ARM is certainly a RISC-based design, but one that doesn't have to go through the process of emulating something that isn't a RISC-based design, as Intel-compatible options do. As a result, the fastest new Apple CPUs aren't necessarily that much faster than those made by other companies, especially if we consider AMD's very competitive Ryzen options. The new M1 design is, however, vastly lower in power consumption and thus much more suitable for Apple's key laptop market.
People interested in non-Apple equipment, things like big video editing servers, visual effects rendering and the huge international market of cloud servers, might look enviously at what Apple has been able to achieve. A huge part of the cost of running a server farm is electrical power, for computers and the air conditioning required to handle the heat generated by all that power being consumed. ARM-based server CPUs have been proposed before; as early as 2017, Qualcomm began pushing Centriq. Until very recently, though, the performance of each individual ARM core has not been competitive with the likes of Intel, and Centriq was launched as a 48-core option to keep the overall performance high.
The problem is that high core counts run into the same old issue of splitting work up into individual tasks, the existing concerns with writing software for multi-core CPUs. As such, we might expect to see some significant changes in the CPU market in the next few years, which might mean a move toward ARM (which can be licensed by anyone) or a response from Intel, if the company is willing to work hard on reducing power consumption.

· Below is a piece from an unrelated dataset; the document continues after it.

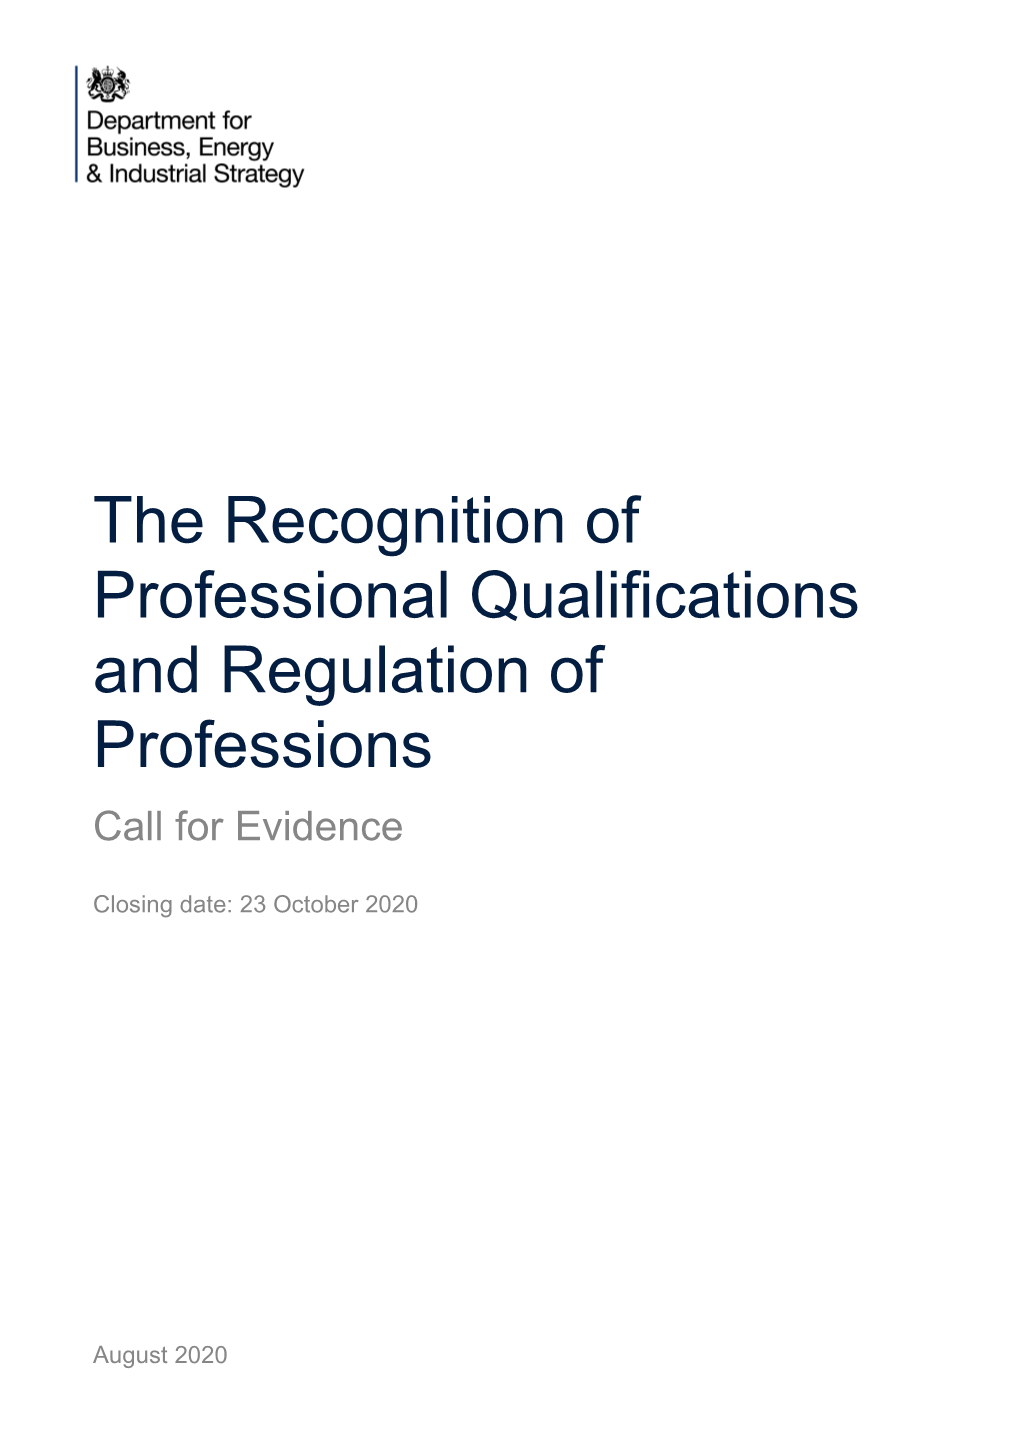 The Recognition of Professional Qualifications and Regulation of Professions: Call for Evidence

The visible change for users, in any case, might be scant; the challenges of writing good code for multi-core CPUs remains at least something of an unsolved problem. No matter what happens in the end, it's likely the next few years will see some big changes in the hardware we use and, consequently, companies we get it from. We can't predict the future, but understanding how we got to this point, and the differences between the principal technologies, can help us react to that unpredictability with better decisions.